When we’d arrived, I’d noticed a sixteen-foot stepladder, used by the crime-scene photographer, against the wall. Wanting a better look, I walked over to get it. David helped and we set it up a few feet from the corpse. I kicked off my shoes and climbed up to the third rung from the top as David held the ladder steady on the thick carpeting.

“His throat’s been slashed,” I called down to David. “There’s so little bleeding from the wound in his side, I’d bet that came postmortem.”

“Staging,” David said. “It’s all for effect.”

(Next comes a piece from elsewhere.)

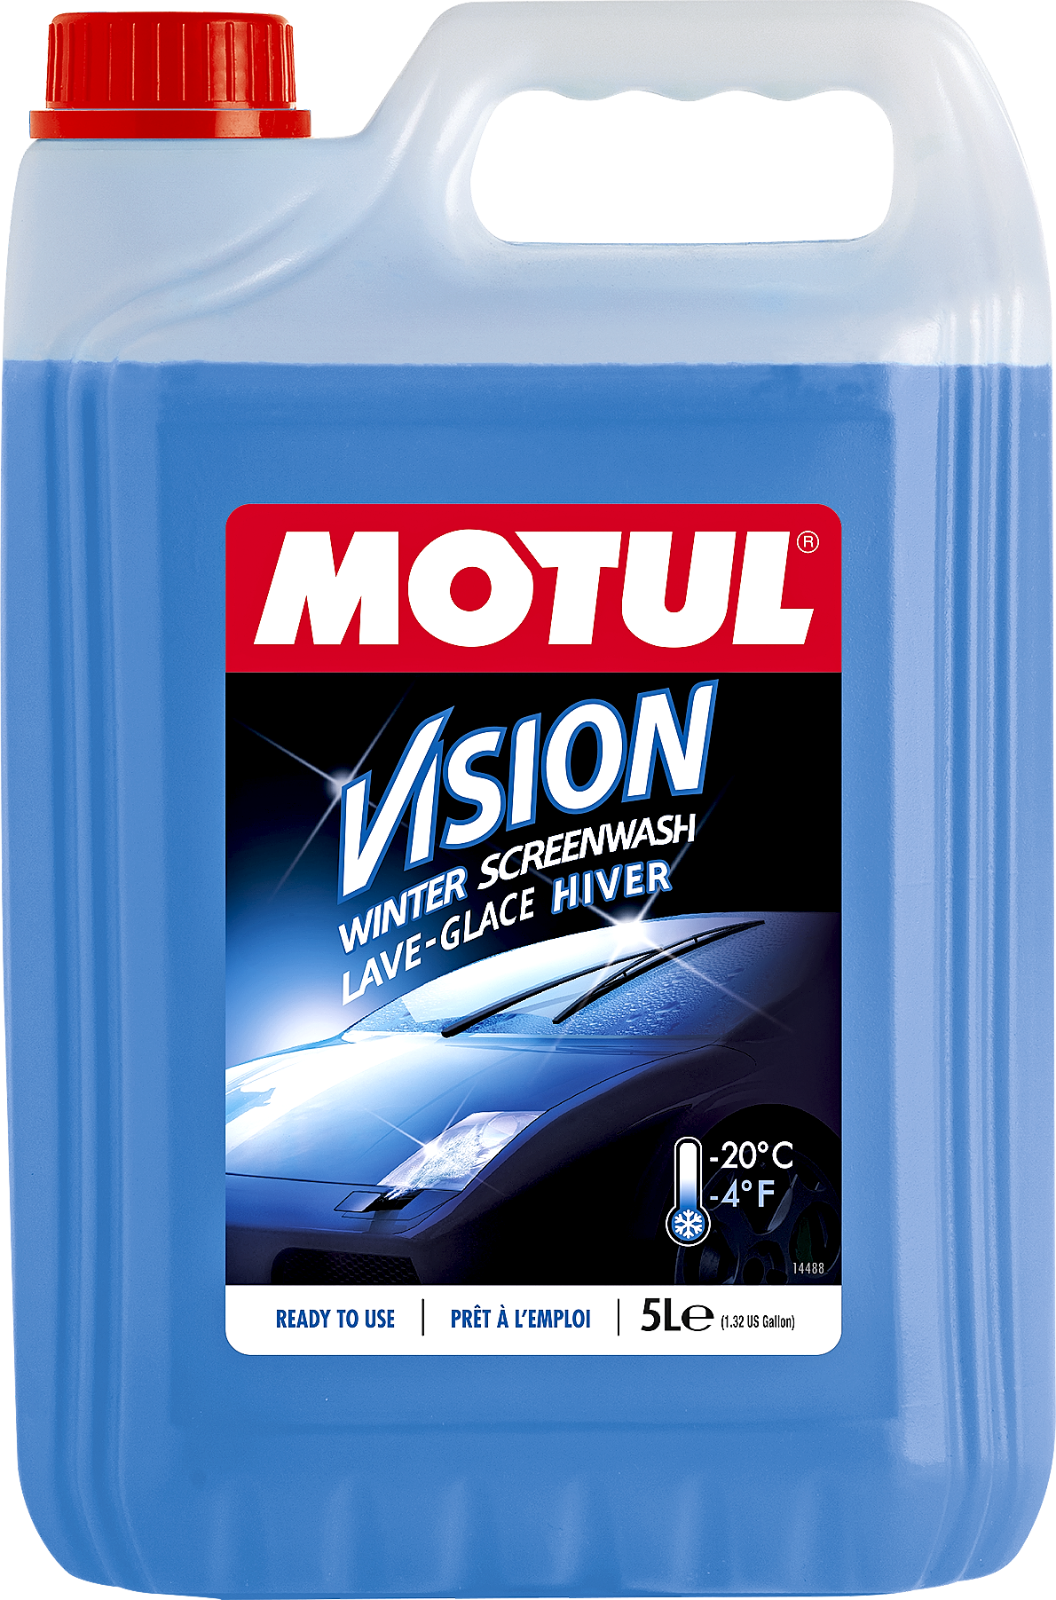 Motul Vision Cl.Winter -20 5L Készre kevert, -20C-ig

“You did the right thing calling us. There’s a good chance this is
our guy,” I told the detective, once I was standing firmly on the floor. “It looks similar enough, at least, to make that a possibility. What has your forensics team found so far?”

“Looks like the butcher knife came from a set in the kitchen,” he said. “The medical examiner’s office hasn’t gone over the body yet, but that’ll happen later today, sometime before noon. We left it there on purpose so you could see this firsthand.”

“We appreciate that,” David said.

“The hair-and-fiber guys took one swipe through with trace lifts and collected bags of stuff, but we don’t know if any of it means anything. We’ll transport the body wrapped in a trace-evidence sheet as well, of course. We’ve collected fingerprints. We’ve got quite a few, but we don’t know if any belong to the killer,” the detective continued. “We do have one on an outside bedroom window, a nice one off the glass. We think that may be the point of entry, like maybe the guy screwed up and hadn’t put his gloves on yet. The window was unlocked. The wife says Dr. Neal liked to sleep with an open window.”

“Anything in the bathroom?” I asked.

“Blood around the sink drain, like the guy cleaned up some before he left.”